DATA SHOWN:
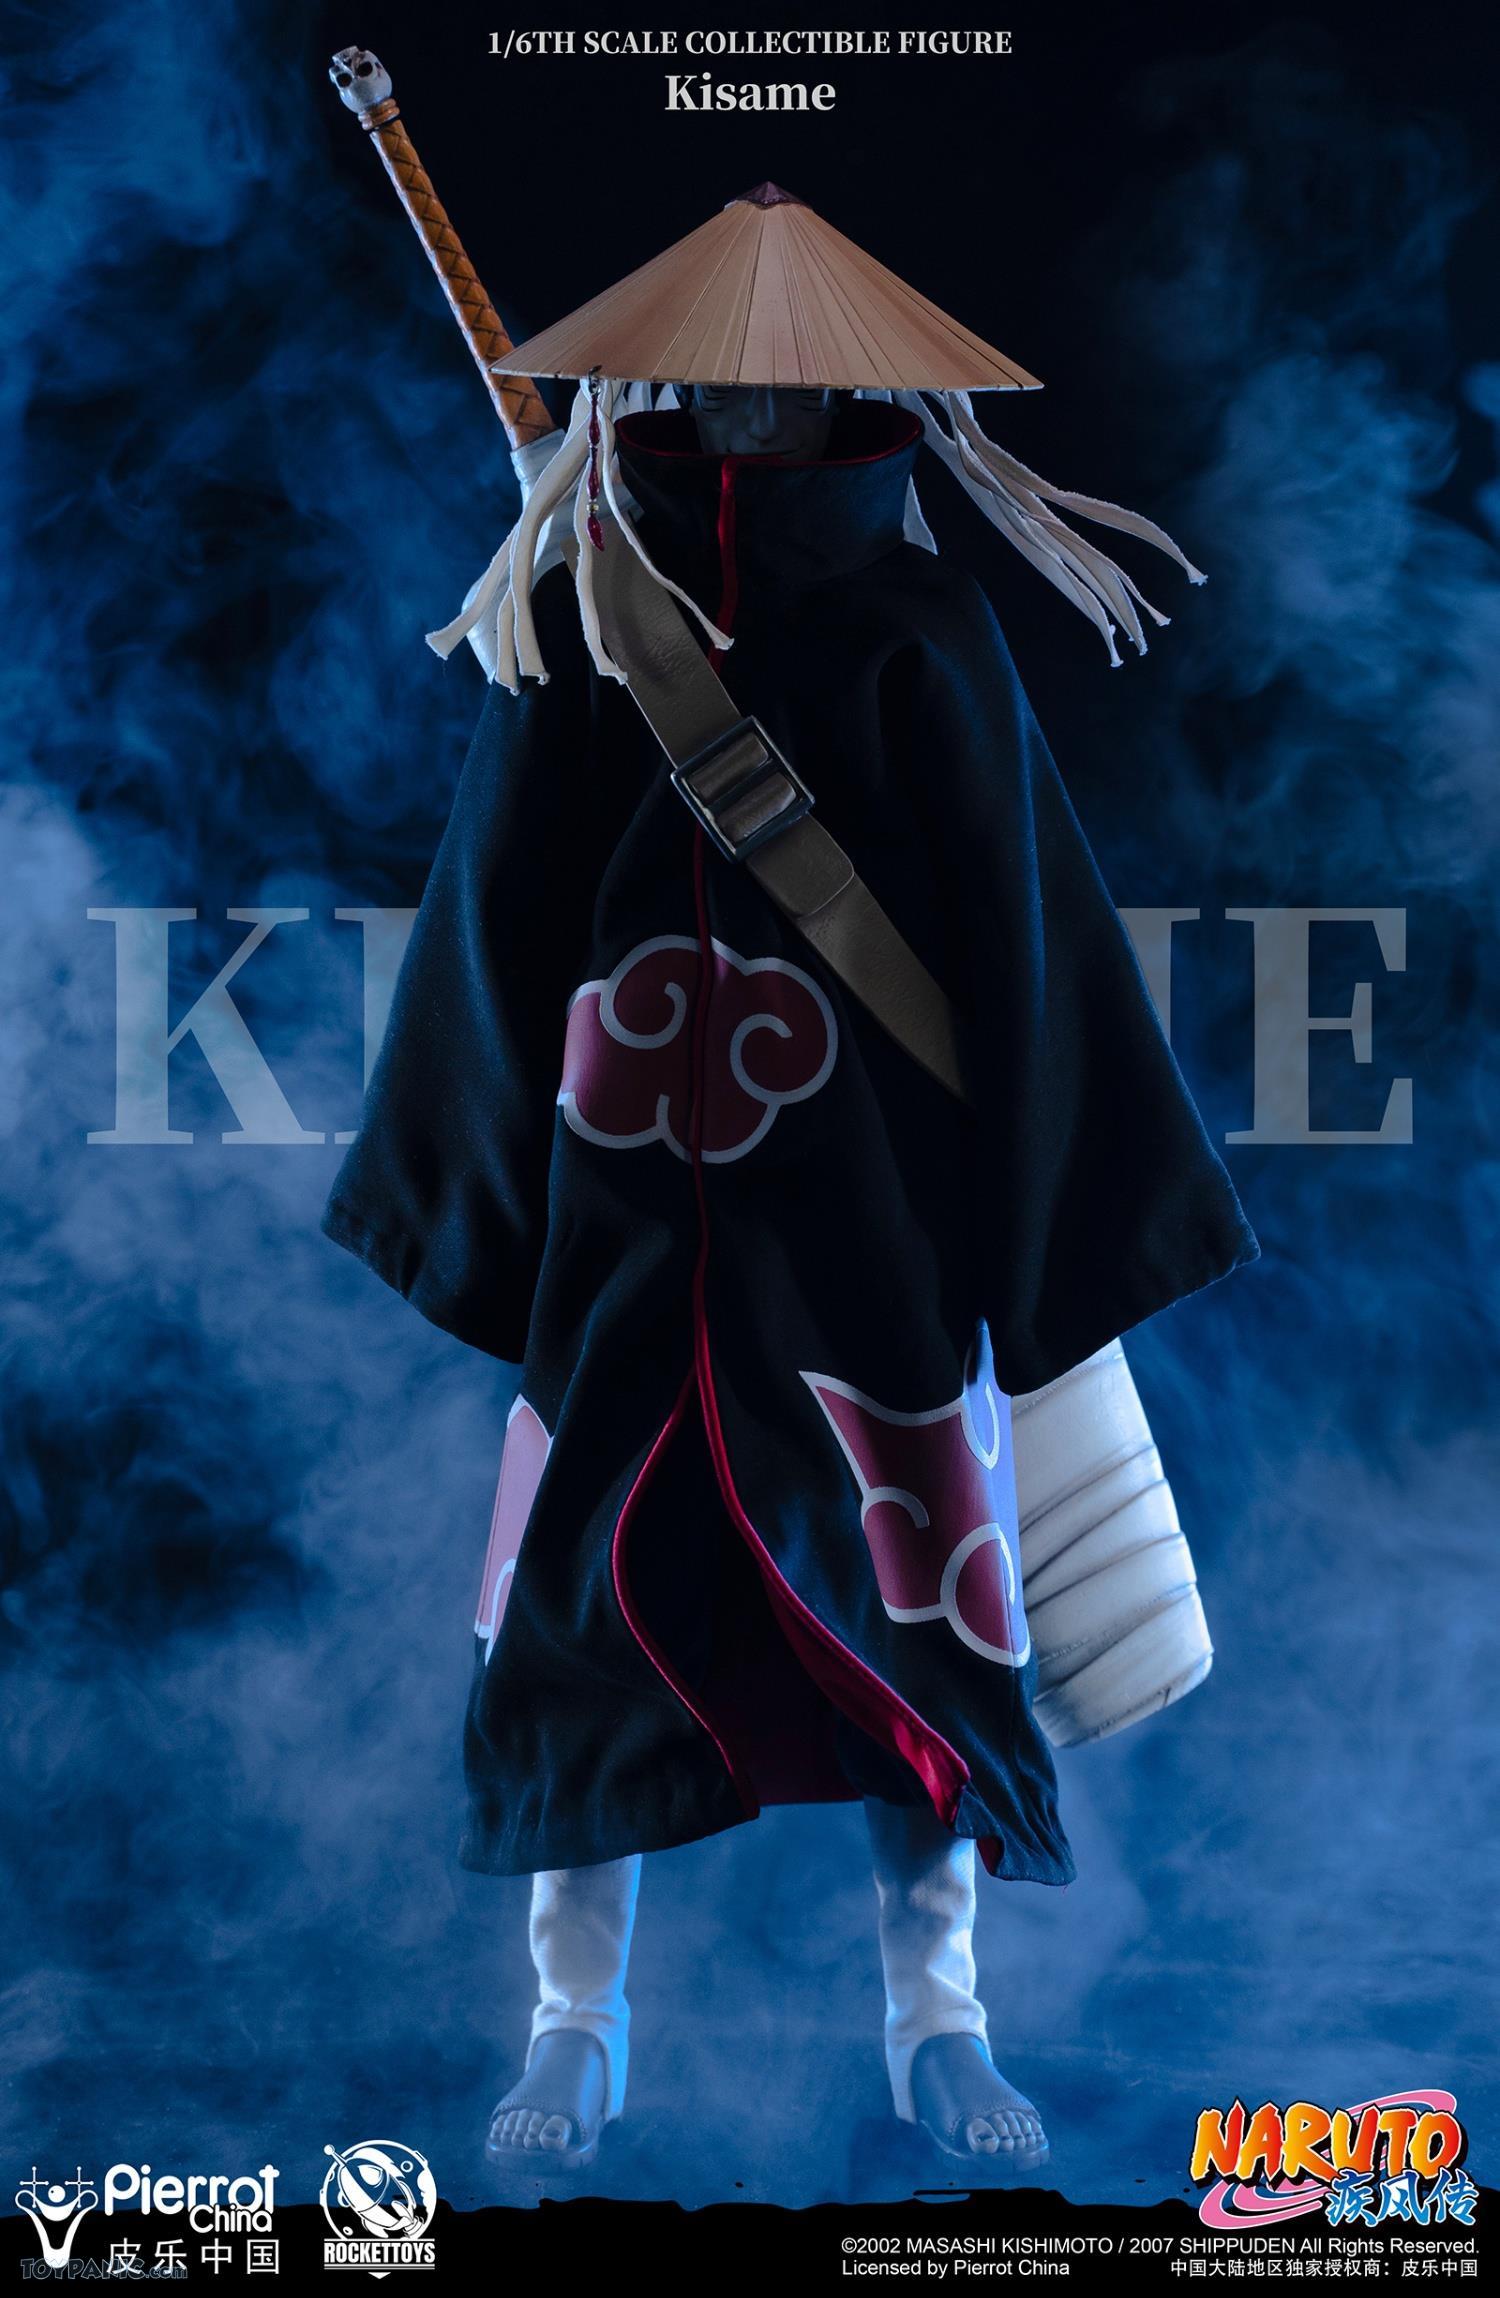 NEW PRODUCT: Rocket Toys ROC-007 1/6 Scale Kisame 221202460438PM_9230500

---

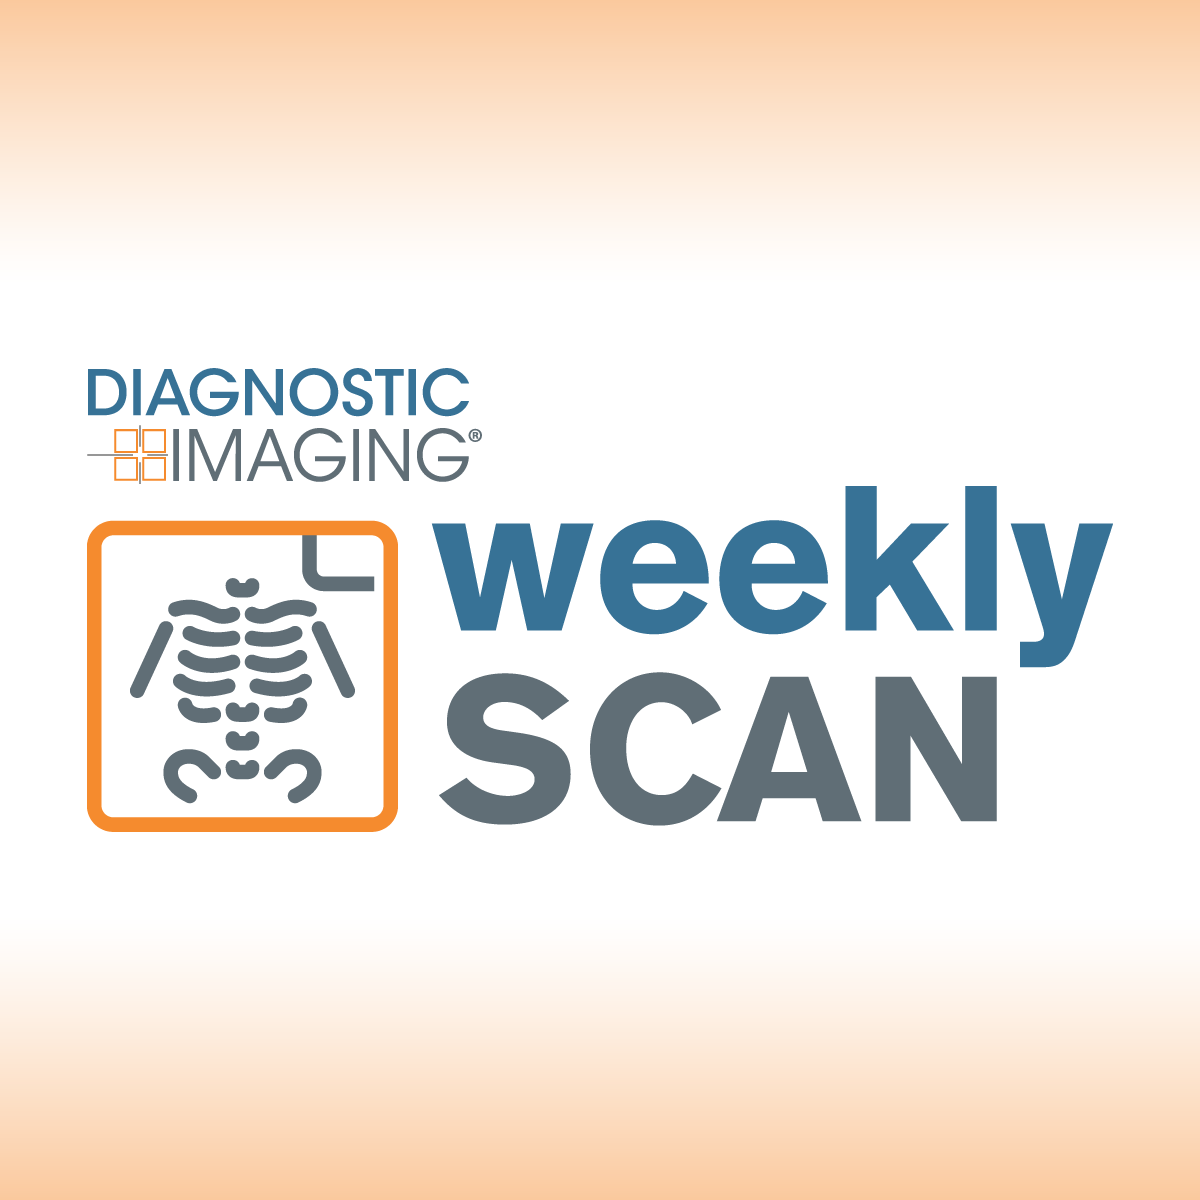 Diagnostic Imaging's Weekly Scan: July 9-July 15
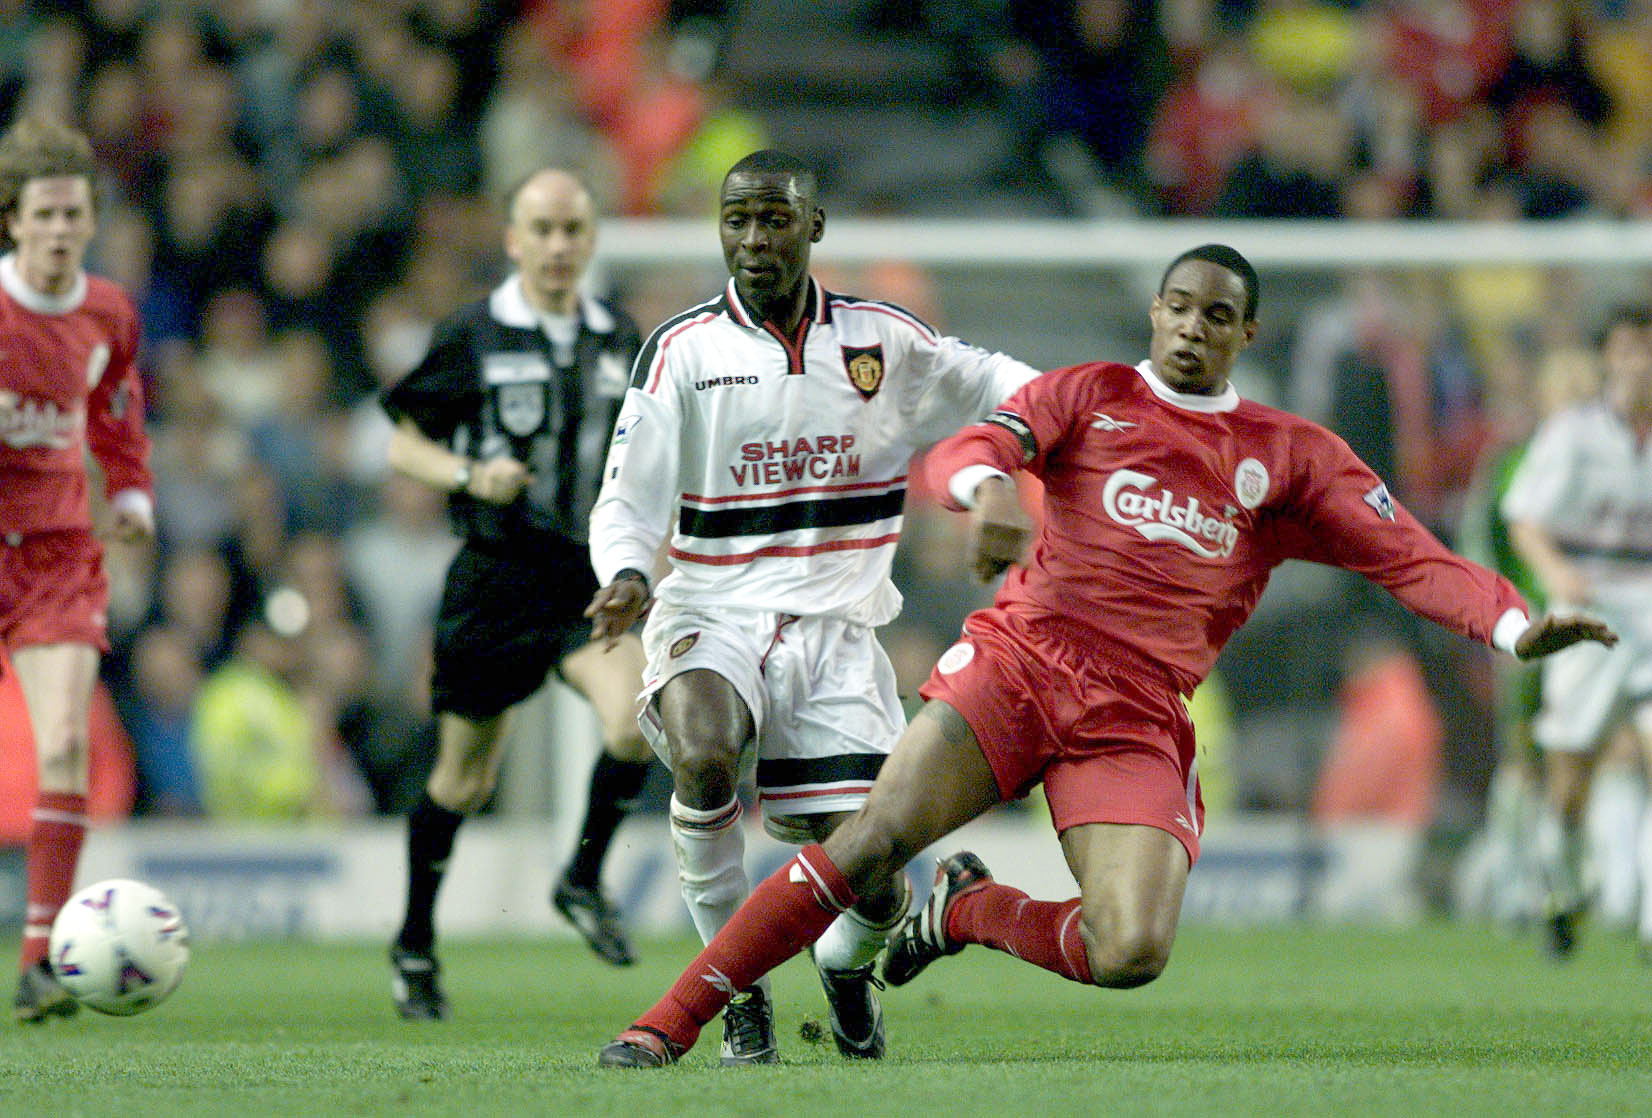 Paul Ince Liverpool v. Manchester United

* * *

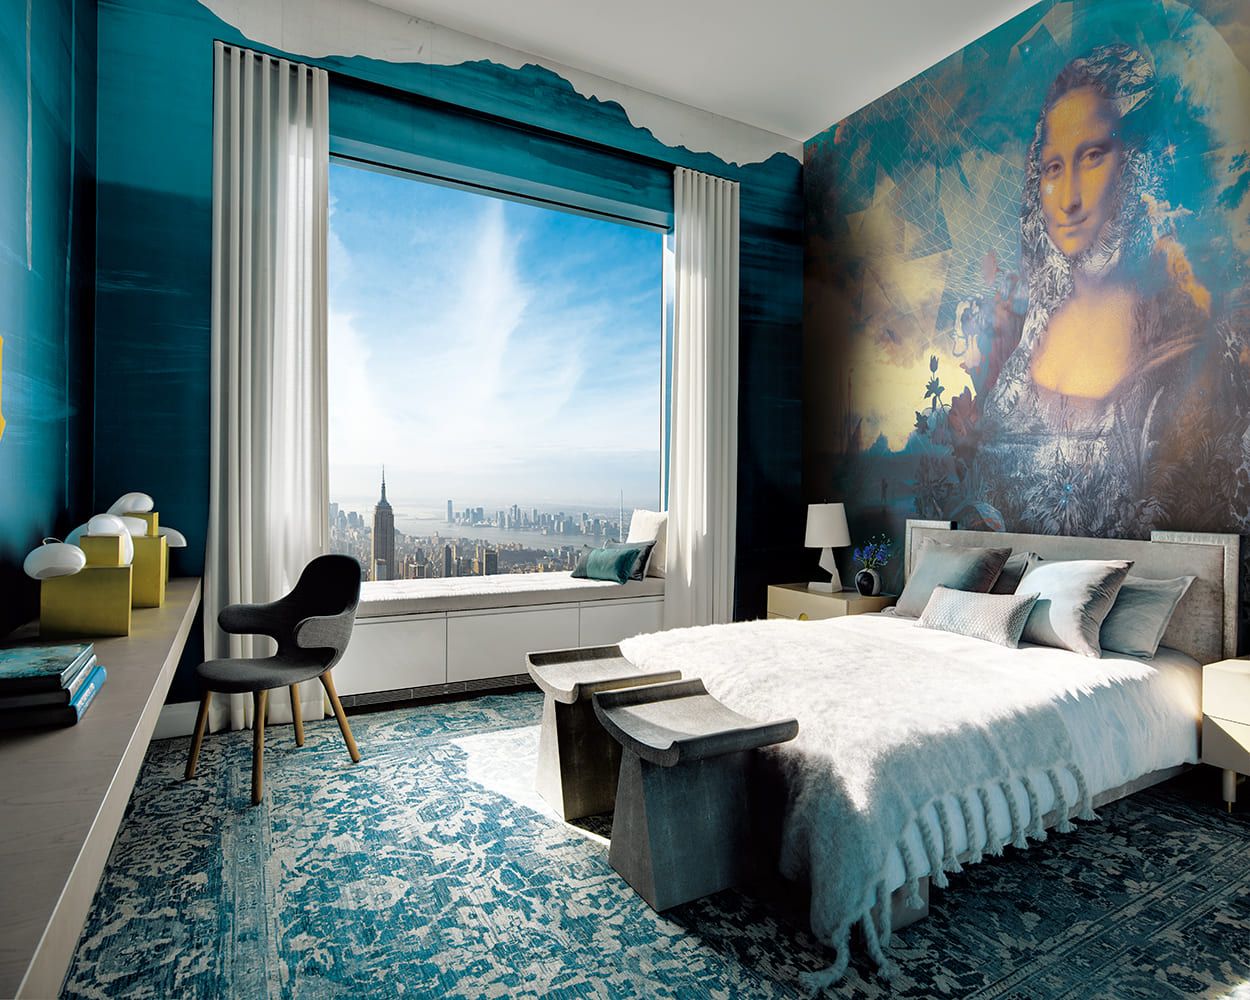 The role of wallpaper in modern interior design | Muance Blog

DIRECTIONS: Look above for the line with "Diagnostic Imaging's Weekly" and the line with "Paul Ince Liverpool v. Manchester United". Output those two and everything between them exactly, pictures excluded.

REPLY TO THE EXERCISE:
 Diagnostic Imaging's Weekly Scan: July 9-July 15
 Paul Ince Liverpool v. Manchester United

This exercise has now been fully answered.